The goal was to make something nice enough that people other than myself could use it (in theory, that is. I was under no illusion that anyone else but me would be interested in a new interactive fiction tool at this point). I thought maybe I'd even work up to building a real GUI desktop application, but I thought I should start off with a code-based version. So with most of the heavy lifting out of the way, I started making a little test game. At first everything looked very promising. Thanks to my redesigns, the compiler actually knew quite a bit about the objects I was working with and could provide its helpful little autocompletes and scrollovers. “This is great,” I thought. “My users are going to have such a nice time using this tool.” But then I realized that something still wasn't popping up; something was still hidden to the compiler.
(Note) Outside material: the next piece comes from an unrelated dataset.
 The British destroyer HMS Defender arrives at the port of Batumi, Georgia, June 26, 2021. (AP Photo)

One set of dictionaries had persisted: the responses.

Runtime

When a player types a command, the parser turns the first word or phrase into a command object, which it uses to retrieve a string-returning-function from a dictionary stored in the target object. Being stored in a dictionary, the compiler doesn't know what responses exist and so can't make any of it's little suggestions (and perhaps more importantly, can't check if your retrieval will fail until runtime).

After cleaning everything else up, this was unacceptable. I needed the compiler to know everything, so my imaginary users could have the best possible experience. Fortunately, I knew what to do. “Well,” I thought. “Why are we even storing funcs in dictionaries? Let's just make a bunch of interface methods that correspond to the different commands and then call them from a big switch statement on our command objects. After all, just like a field that describes if a person is swimming, there's no need to add a category of response at runtime. By the time the game starts all of this stuff is set in stone.”
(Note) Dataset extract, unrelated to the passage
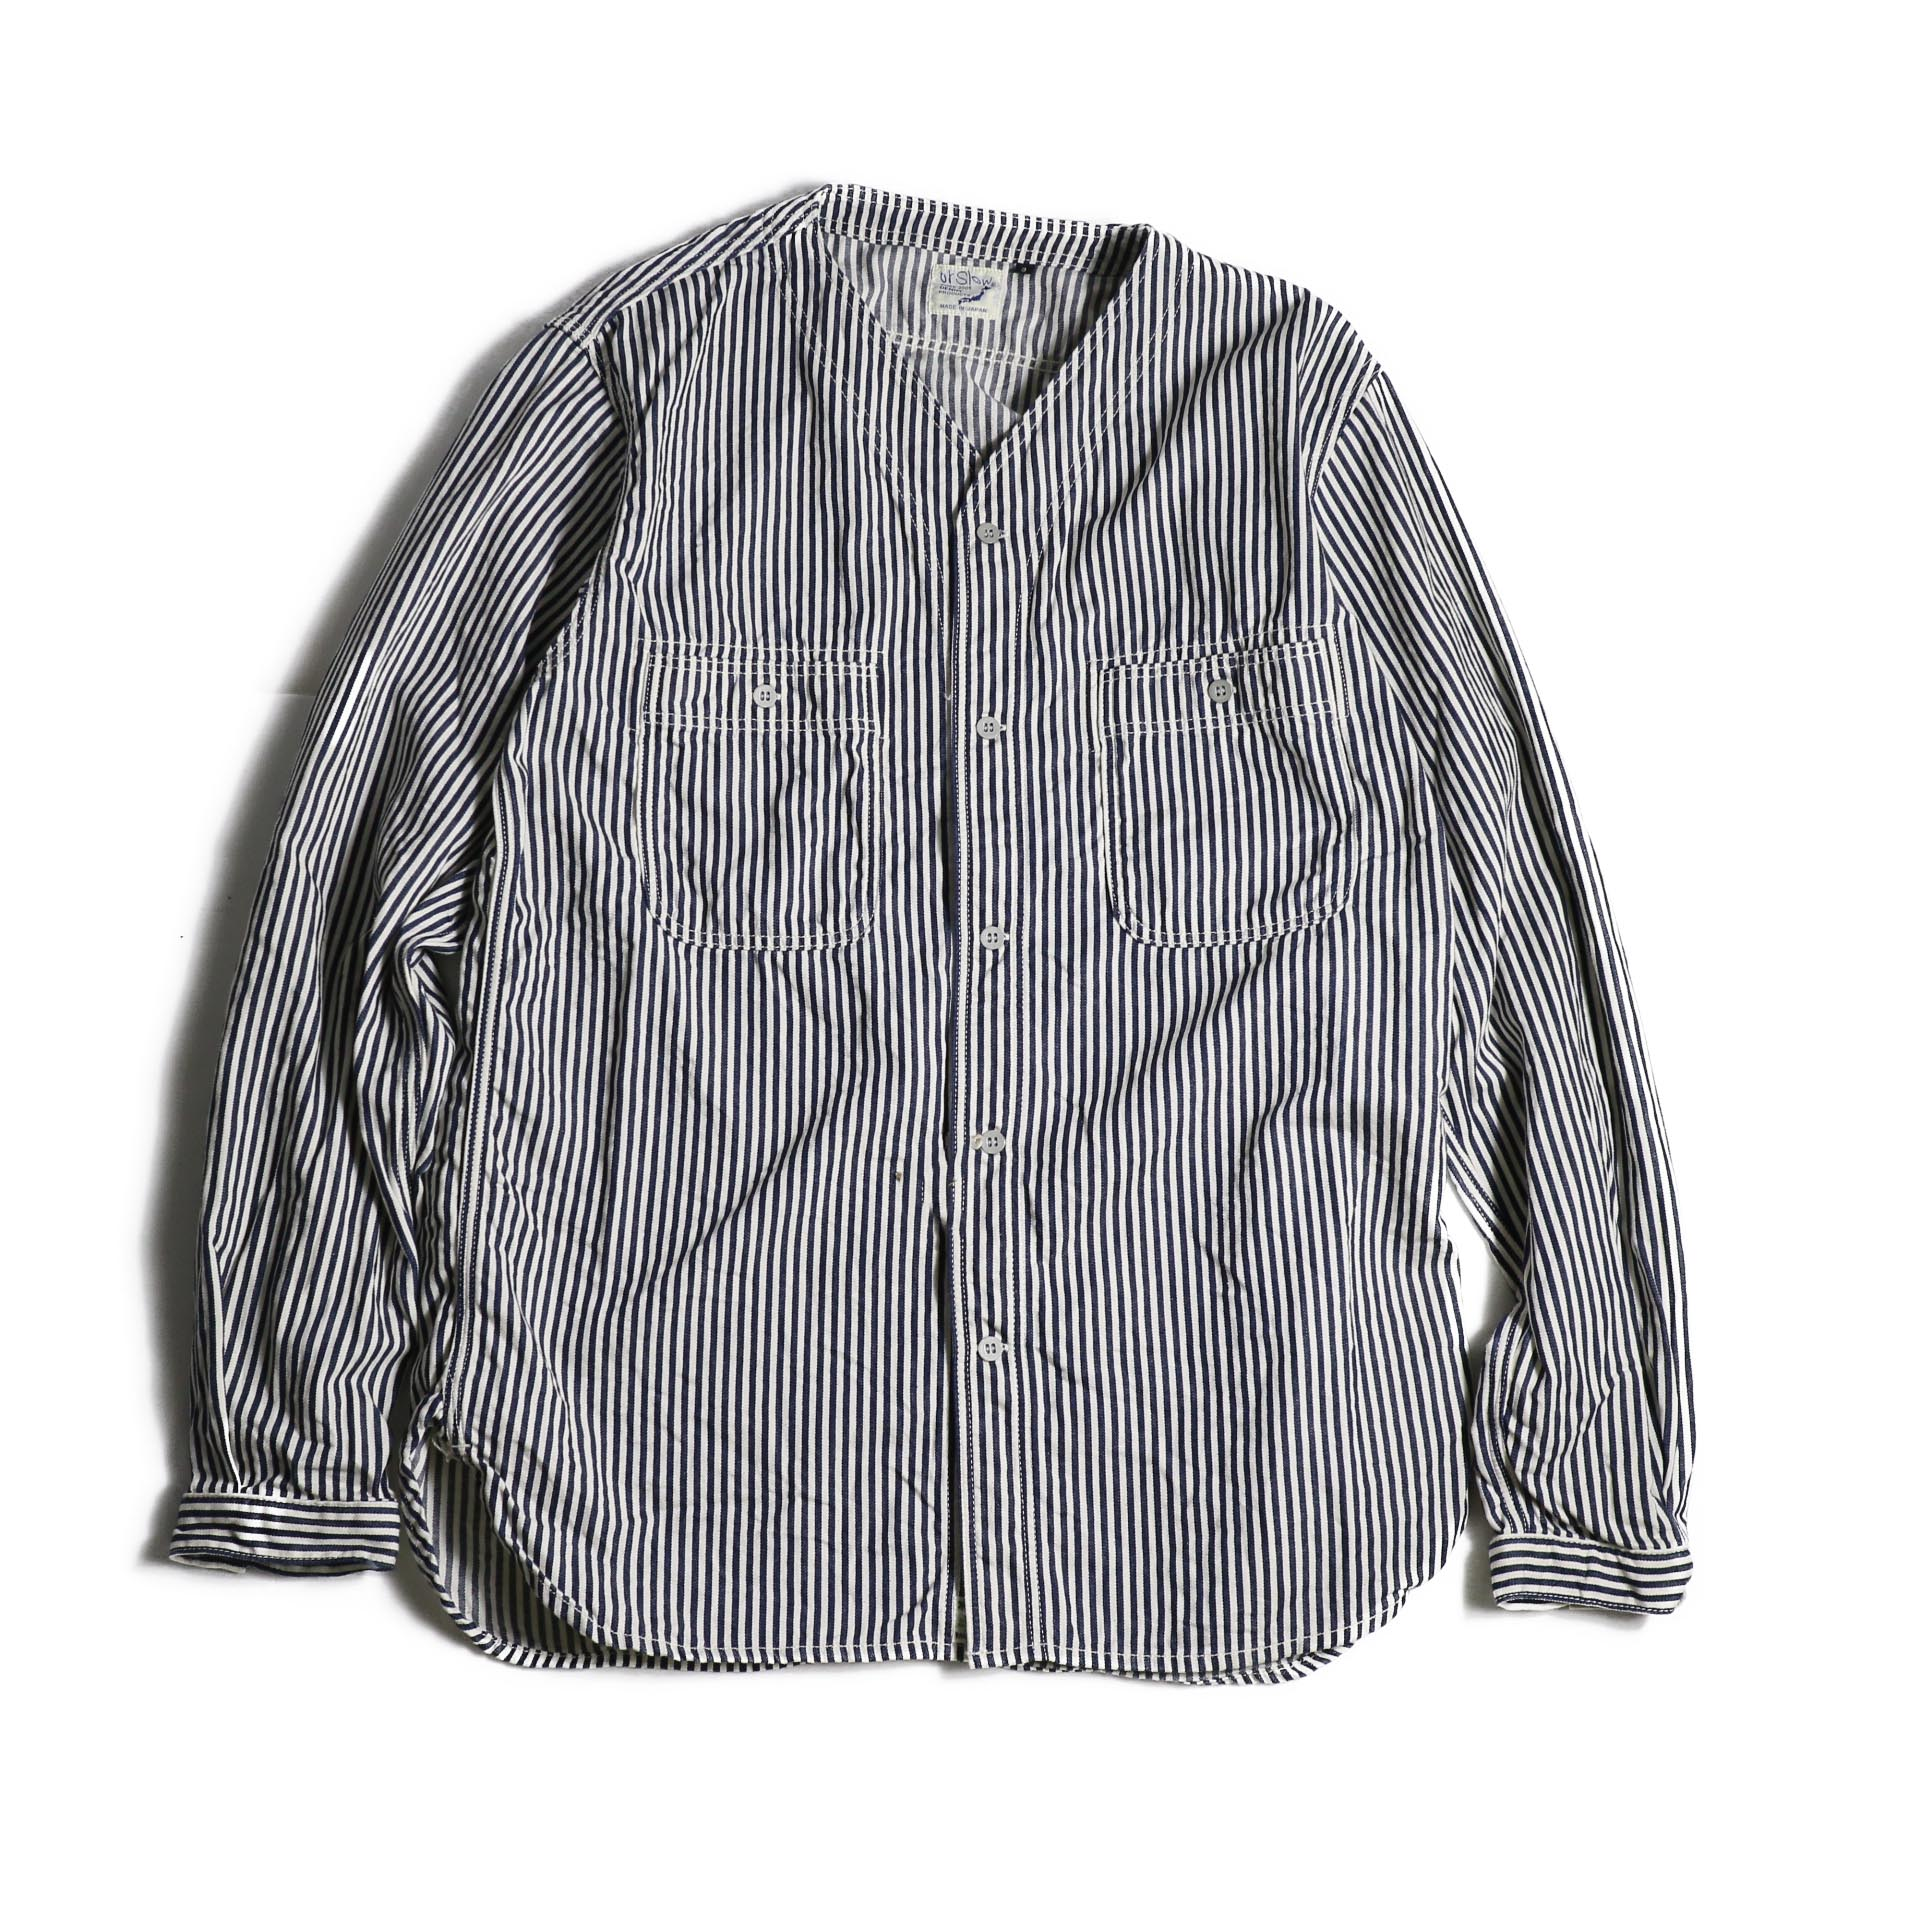 orSlow / NO COLLAR SHIRT (Hickory Stripe)

Ok. Problem solved, right? For one specific game, sure. But this was supposed to be a tool for making games, or at the very least a self-contained library other programmers could use to make their own games. And the way all the inheritance and implementation shook out, I couldn't see any reasonable looking way to make compile-time responses work without exposing the guts of library.

This shouldn't have come as a surprise. If you take another look at the diagram, it is clearly describing the structure of an actual game, not of a tool for making games. For a specific game, things like what commands are valid are pretty darn integral, and it makes sense for them to be a part of some high level interfaces. For a game-making tool, though, commands (along with most game-specific attributes) are in fact variables that need to be able to change at runtime as the developer builds up the world of the game.
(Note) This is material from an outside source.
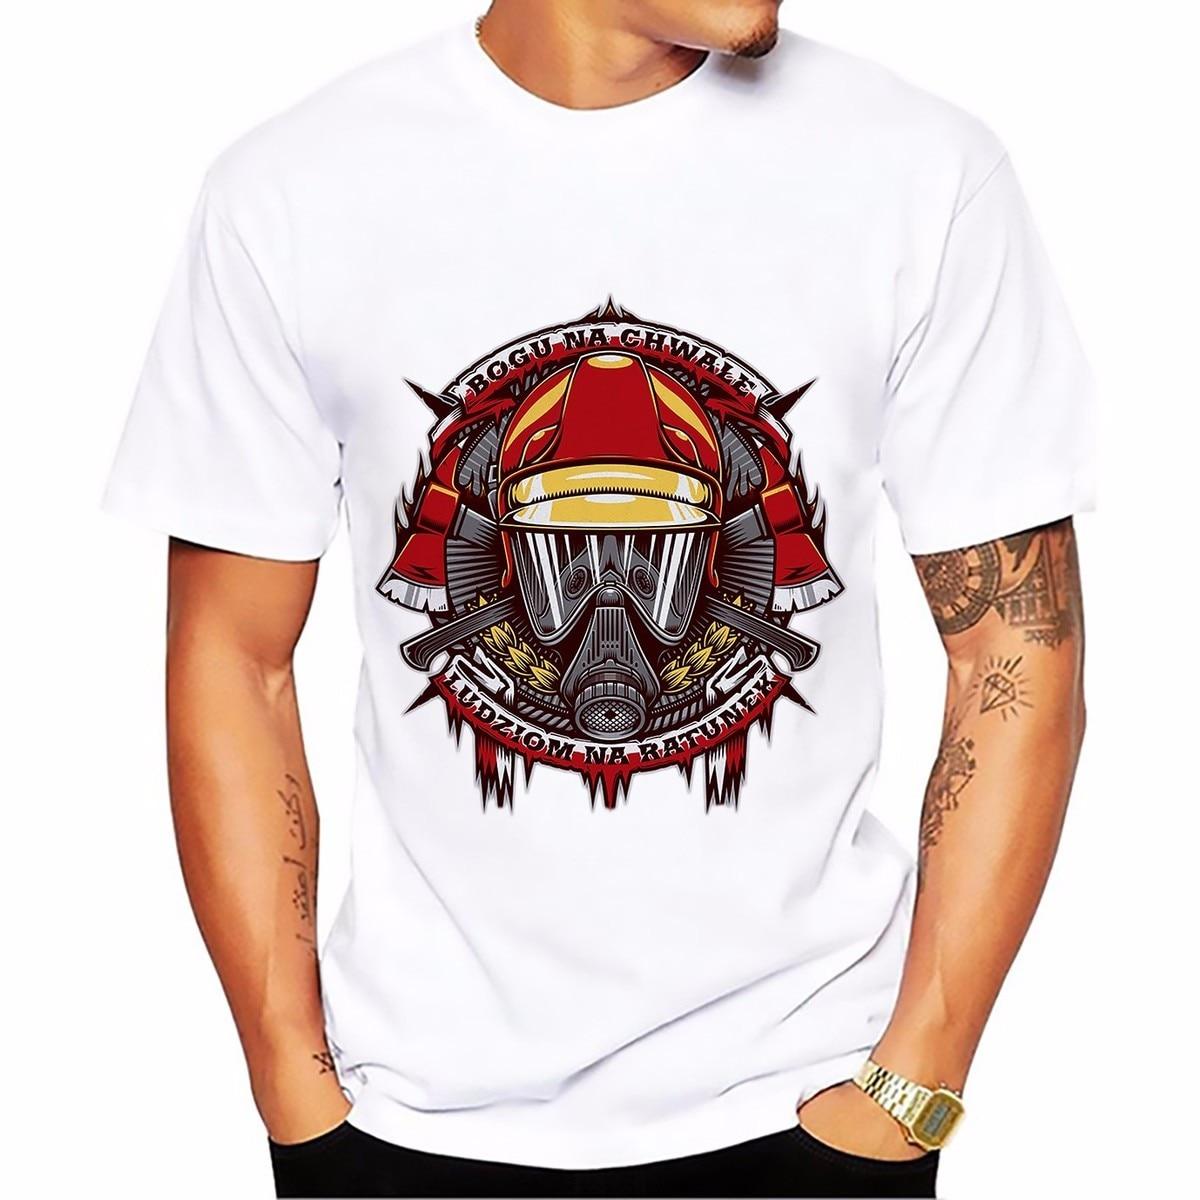 Anchor hook sign Fireman snake design t shirt Men 2018 new summer white short sleeve T-shirt homme casual tshirt no glue print

It took this moment for me to realize that I had been trying to cram two totally different processes into a single runtime for years. All those dictionaries actually start to look reasonable if you're in the process of making a game. Of course you can't just store things in fields, you don't know what fields you need yet! By the time you actually start playing the game, though, the compiler better know what's going on.

So What's Next?

A big reason of moving away from having everything be dictionary keys and values was to reduce the crosschecking that needs to happen. If the compiler isn't keeping track of what all our variables are called, it's easy to forget one or to make a typo and never notice until runtime. So a purely code-based tool would be a big pain to use. A nice GUI that let's you just see all the objects you've defined so far and click and drag everything around sounds like a much better option. Once you're done, this program could take the information it's been given, turn it into some C# code that looks like more like my latest attempt, and then produce an executable.

That sounds like quite the project, and I'm not sure when I'll get around to taking it on. But I think if Algiers is going anywhere, that's where it's going.